John Constable, The Haywain

1821, England, Romanticism - Oil on canvas - Exhibited at the Paris Salon in 1824 - He is, in fact, largely responsible for reviving the importance of landscape painting in the 19th century. A key event, when it is remembered that landscape would become the primary subject of the Impressionists later in the century. - The Hay Wain does include an element of genre (the depiction of a common scene), that is the farm hand taking his horse and wagon (or wain) across the stream. But this action is minor and seems to offer the viewer the barest of pretenses for what is virtually a pure landscape. Unlike the later Impressionists, Constable's large polished canvases were painted in his studio.

Eugene Delaxcroix, Death of Sardanapalus

1827, France, Romanticism - Neoclassical: very rigorous construction of space where you can clearly see where everything is in relationship to everything else - oil on canvas - huge canvas - height of romantic painting - Destroys everything that he finds pleasure in - End of his possessions, painting about corruption, violence and luxury - we have a painting FULL of objects (all the king's luxurious possessions such as gold, jewels and horses) and the space isn't strategically constructed rather filled up - Neoclassical paintings are very rational - Uses "brilliant" color in this painting that gives a passionate and emotional look ; neoclassical paintings are more normal toned

J.M.W Turner, Rain, Steam, and Speed

1844, England, Romanticism - Oil on canvas - Time when the railway was a brand-new way of traveling & was changing society dramatically by connecting cities and people - most significant symbol of industrialisation - Captures this feeling due to the speed at which the train is approaching & the rain pounding - You, as the viewer, can almost FEEL the wetness of the day and hear the sound of the train -Highlights contrast between old, rural England this changing industrial society - Atmospheric effects, thick paint & very abstract (a little unreadable) - Mostly about industrialisation and this powerful new "thing" and the portrayal between the relationship between man and nature (reminds us of the abstraction of the 20th century in many ways)

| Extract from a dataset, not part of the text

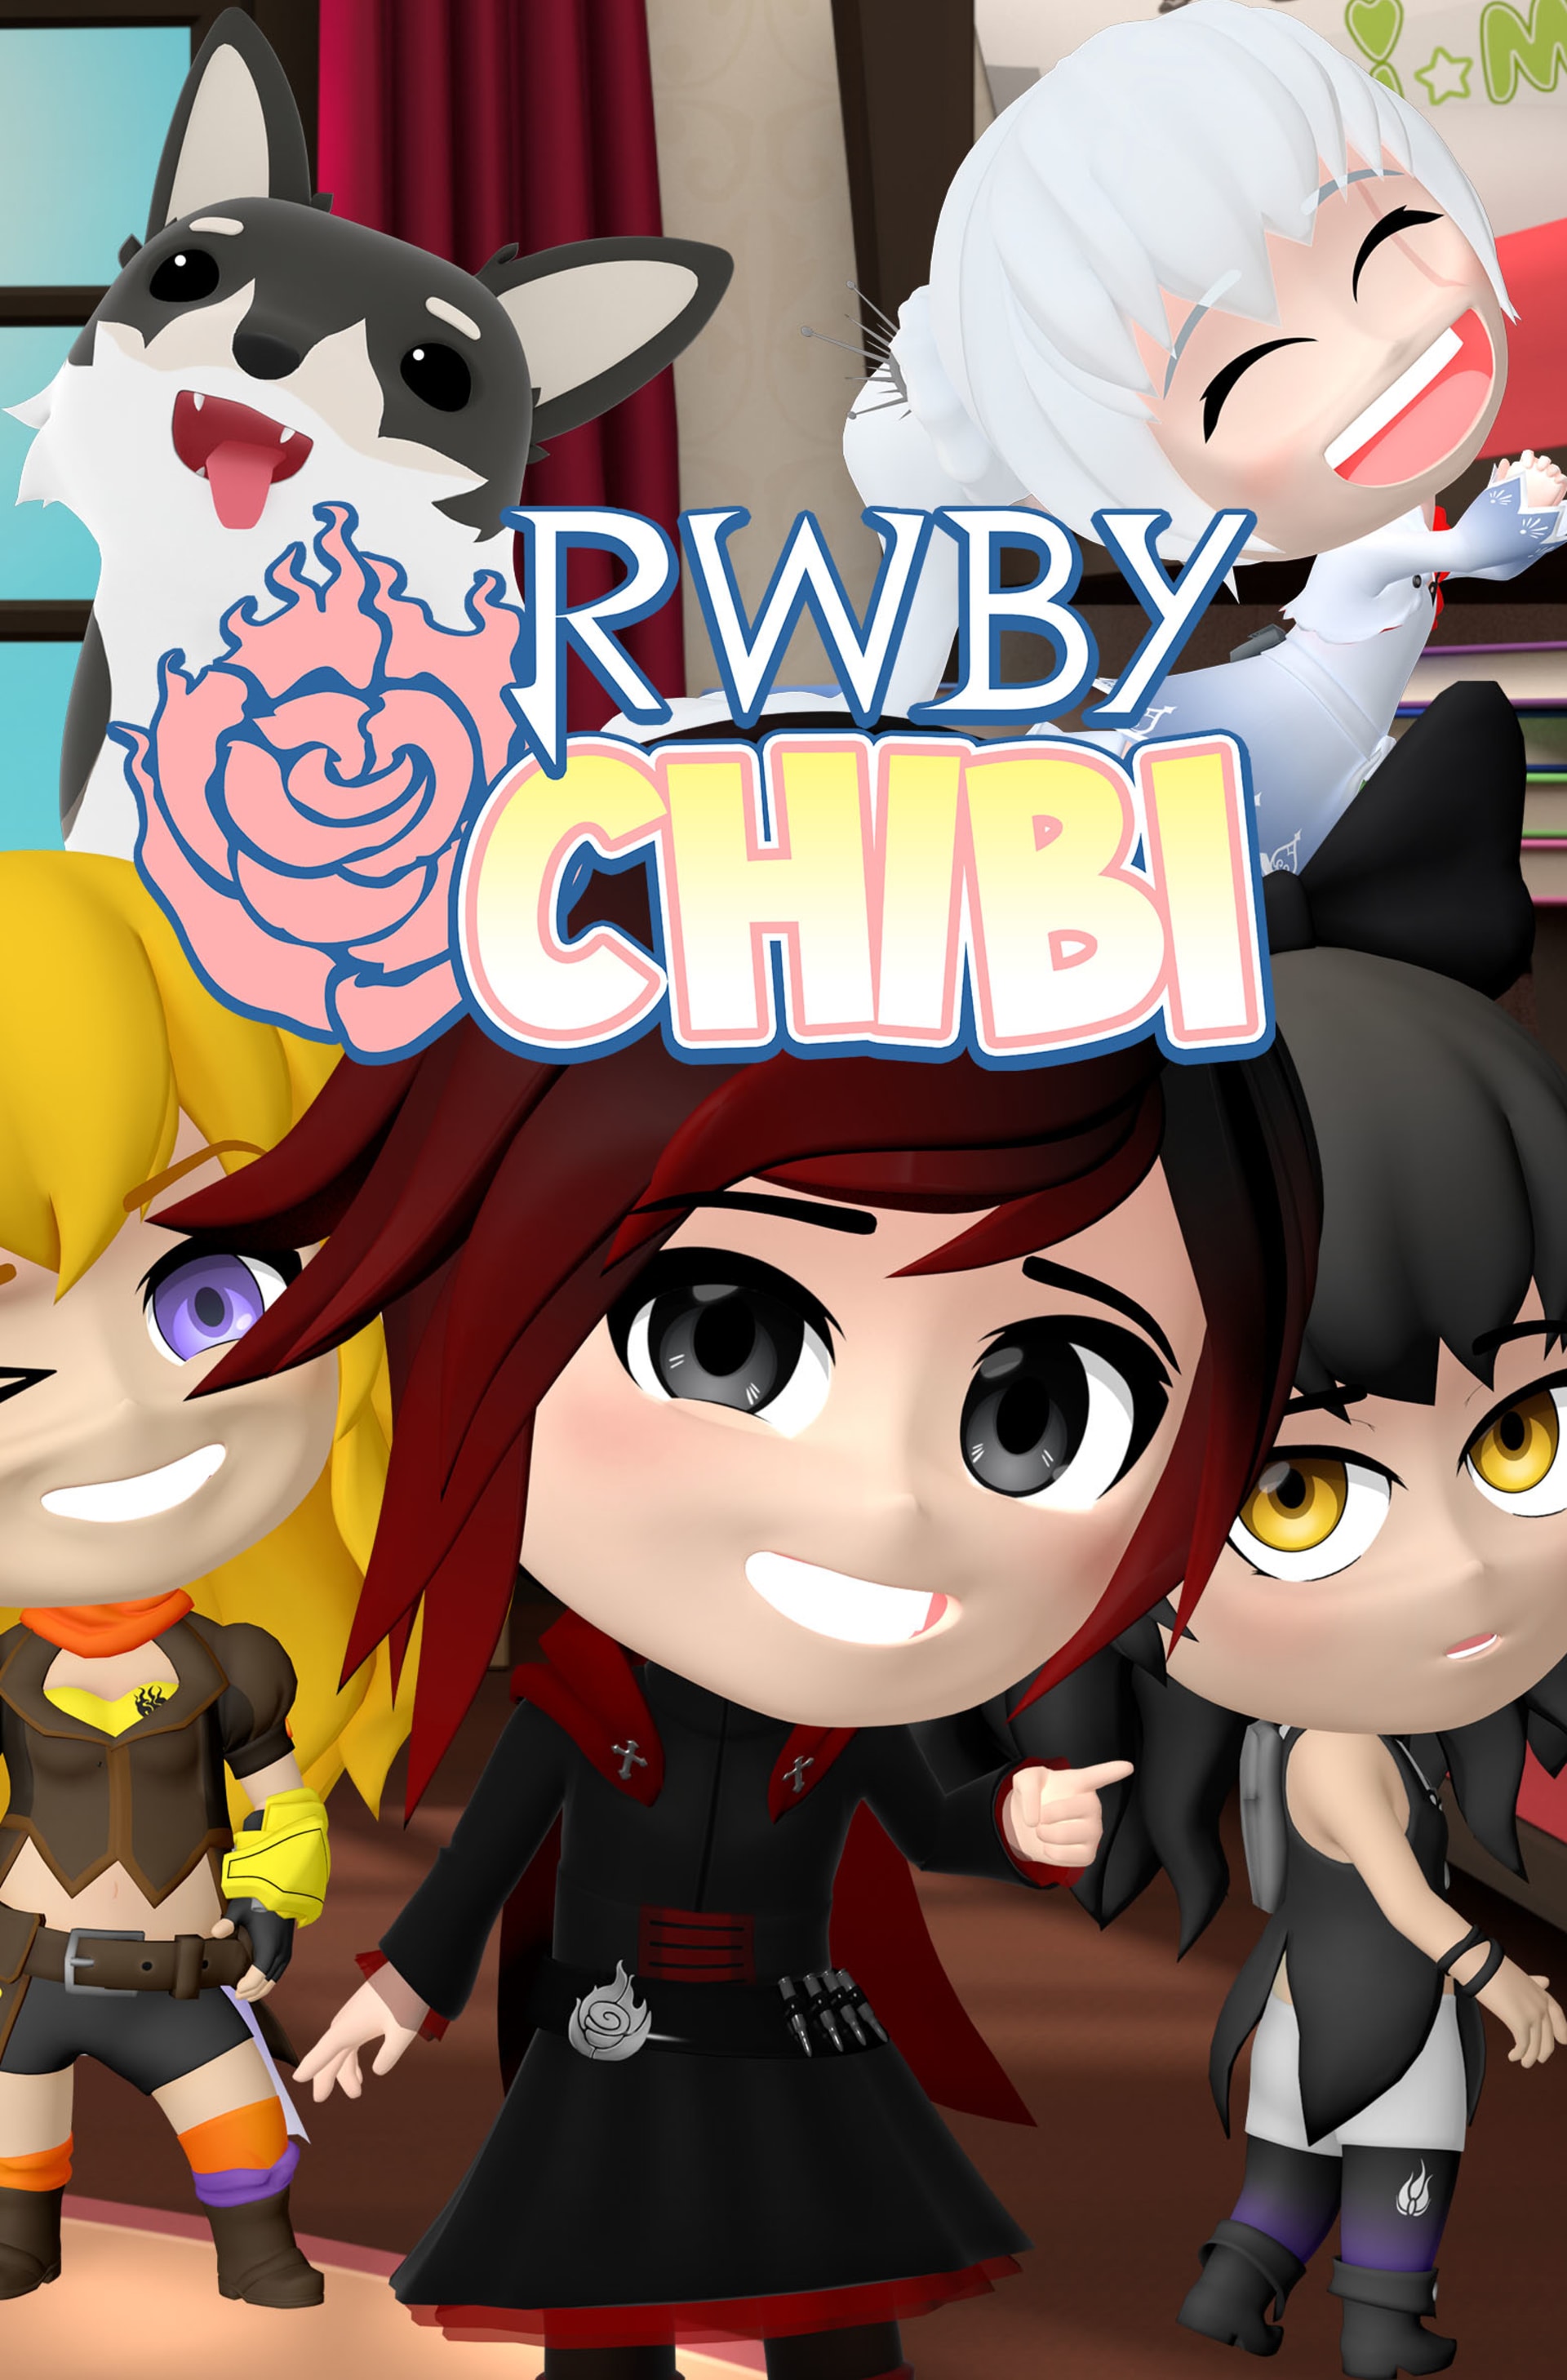 Series RWBY Chibi.

Gustave Courbet, The Stone Breakers

1849, France, realism - Oil on canvas - Shows the artist's concern for the plight of the poor is evident. Here, two figures labor to break and remove stone from a road that is being built. In our age of powerful jackhammers and bulldozers, such work is reserved as punishment for chain-gangs. - Millet idealized peasants, but Courbet depicts figures in tattered clothes - only upper right corner shows blue sky, create isolation of laborers, physically and emotionally trapped -Courbet wants to show what is "real,": young boy and old man show accurate account of abuse for French rural life

Jean-Francois Millet, The Gleaners

1857, France, Realism - Oil on canvas - Oddly soft painting, colors are muted and the brush is not tight (no hard lines) - The three women are gleaners (going into the field after a harvest and picking up the remains -- rural beggers), not in rags, below horizon line - Can see army of harvesters in the background - Can see the hierarchy-- supervisor on horseback overseeing the operation - idolizing them, not as terrible as other artists

Honore Daumier, Third-Class Carriage

1862, France, realism - Oil on canvas - As a graphic artist and painter, Daumier chronicled the impact of industrialization on modern urban life in mid-nineteenth-century Paris. - Amplifies the subject of a lithograph, hardship of third-class railway travelers - Bathed in light, the nursing mother, elderly woman, and sleeping boy emanate a serenity not often associated with public transport. - Third-class railway carriages were cramped, dirty, open compartments with hard benches, filled with those who could not afford second or first-class tickets

Edouard Manet, Luncheon on the Grass

1863, France, realism - Oil on canvas - Woman in the distance getting water and there is fruit in the foreground - Painting was exhibited at the Salon de Refuses (in the collection of rejected artwork) - Painting caused a lot of controversy: based on what and how it was portrayed -The figures are modern Parisian figures -- and by placing a nude woman in the painting who was not seen in mythology creates discomfort for the viewer -These figures do not look idealized or timeless, but normal people and no one seems to really be interacting & the woman looks directly at the audience which promotes discomfort -Contains many spatial errors & the lighting wasn't as natural

Berthe Morisot, Villa at the Seaside

1874, France, Impressionism - Oil on canvas - As leisurely Europeans shifted their focus from spas to the sea in the 19th Century, the beach became a place of fashion, socializing and class distinction - Berthe Morisot, in her painting of a wealthy vacationer at the shore, emphasises the sitter's class not only through her expensive clothing, but via the expansive private terrace at the hotel from which she looks out to sea. (The beach, then as now, was a public thoroughfare.) - Morisot was depicting the new phenomenon of villégiature, or holidaying: the subject of the painting isn't the sea, but the woman who travels there.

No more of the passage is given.